I cant say for sure but i do remember someone telling me a few years ago about frenchies having a genetic disorder with their spines....so it might be a good idea to google french bulldogs/genetic issues genetic diseases etc just so youc an be really informed (not saying other dogs dont ahve issues too...but I seem to remember being talked out of getting one by friends in the 'know')

Pugs on the other hand are a well established breed and are a similar size and look to a french bulldog. You will find it easier to get one and because there are plenty around they are 'less likely' to be so closely bred if that makes sense. 

Make sure you go with someone who is part of a club....make sure they are part of a network eg if they dont have a pup can recommend you to someone else....if they are isolated and breeding on their own and arent connected to other breeders this is never a good sign that they are doing the right thing. Also find out through the club or Dogs Victoria if there is any health screening that should be being done and if the breeder says to you....'oh i dont need to do any health screening because I know my dogs are all healthy' what they are really saying is..'i dont want to do any health screening because if i find my dogs test positive for any genetic ilness I wont be able to use them for breeding and this means I wont be able to realise any $$' and they are therefore only in it for the money and so you should give them a wide berth. Make sure you actually view originals of any health screening certificates. If there are eye issues in the breed a good breeder will ahve your pup tested before you purchase for example and will take time to explain everything to you in detail.

Make sure you see the whole litter and the mother who should look in good condition and not emaciated in any way. If she looks thin she isnt being fed properly no matter what the breeder says. Ask also if you can see dad.....even a breeder who has gone out to a stud dog shouldnt have a problem with giving you the contact details to the person who owns the stud dog. 

Make sure you look at the whole litter and never ever pick the weakest looking one because you feel sorry for it......

Pedigree means pedigree with pedigree papers. Never accept the statement 'oh they are pedigree but we just couldnt get the papers. What this means is either the dogs arent pedigee or they dont want to pay the fees to dogs victoria to register the puppies or they dont want to abide by dogs victoria regulations such as not breeding a bitch every season because it exhausts the bitch but doesnt worry the breeder because they want the dollars !!.

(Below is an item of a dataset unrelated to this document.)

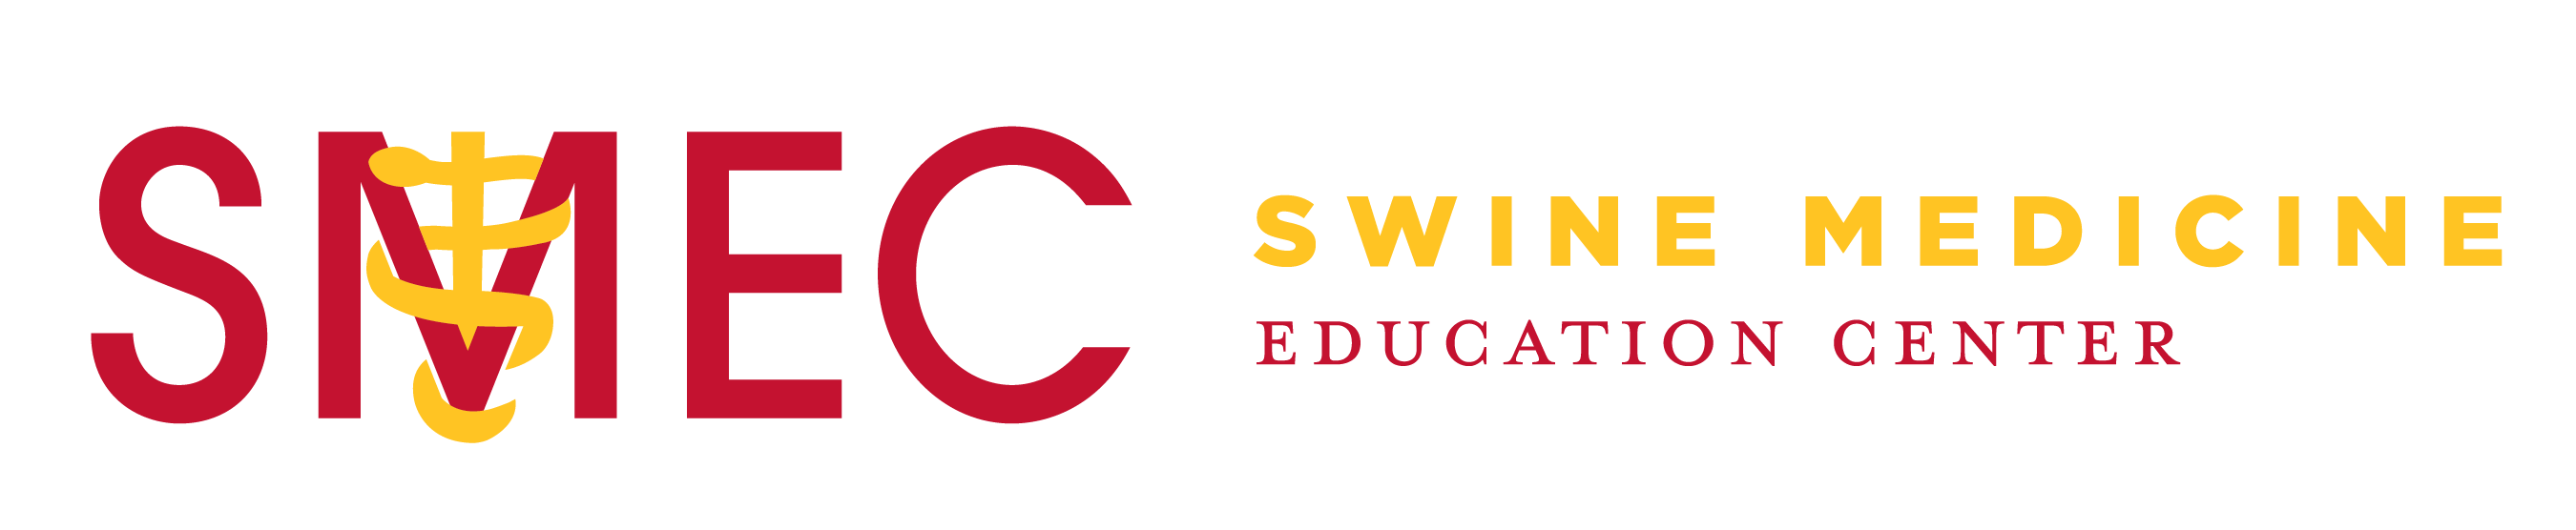 Swine Medicine Education Center
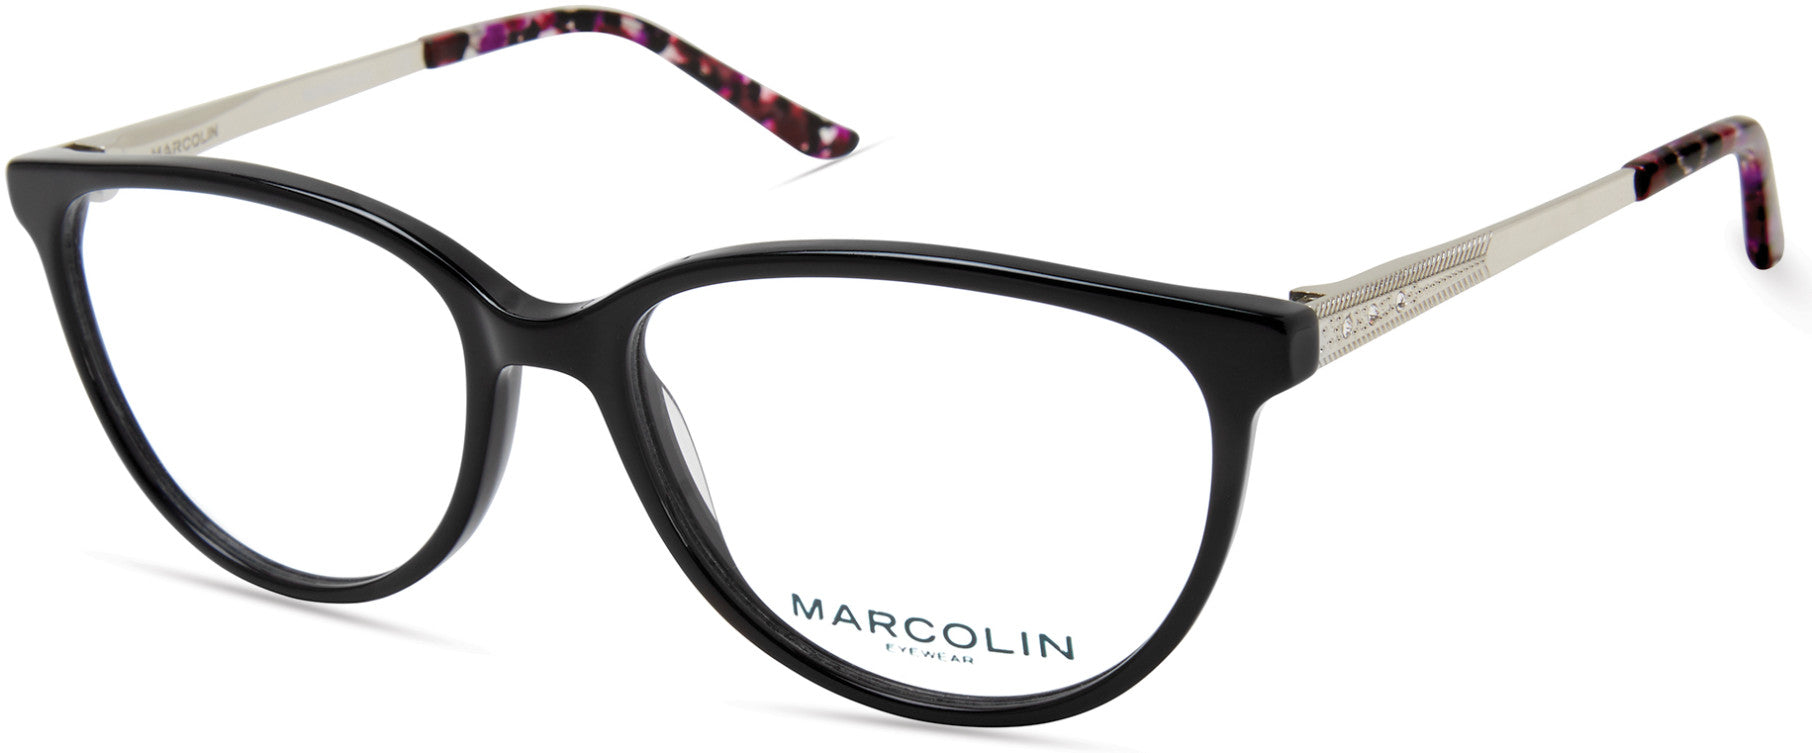 Marcolin MA5019 Square Eyeglasses 001-001 - Shiny Black

Hope this helps.....and never ever buy from a pet shop as the puppies come out of puppy mills and the conditions the bitches are in that produce the puppies are dispicable....all you are doing if you buy from a pet shop is supporting scumbags who exploit dogs in order to make money and the horror some of those bithes go through in the puppy mills is absolutely terrible.....if the bitch is not in good condition do not presume the puppies will be ok remember if the bitch is in poor condition how can she 'cook' healthy pups

Good luck, ifyou have any more questions or are unsure or want me to look at anything eg pedigrees etc just PM me Im in victoria and I have some contacts in the dog world so might be able to check things out for you on the quiet.

Kind Regards

Elizabeth



jinjajoe said:


> BRITISH is the only way with Bulldogs accept NO immitations that is except my Pug Diva !!!!!!!
> 
> Busby my British Bulldog died 7 years ago aged 9 & My Pug is pictured munching pies with me at Yatala Pies !!!!!!



Bet you love your pug

We have Staffies and have bred them in the past, but I have had a bit of bad luck and had to have my bitch desexed and so we are just waiting and will be starting on pugs.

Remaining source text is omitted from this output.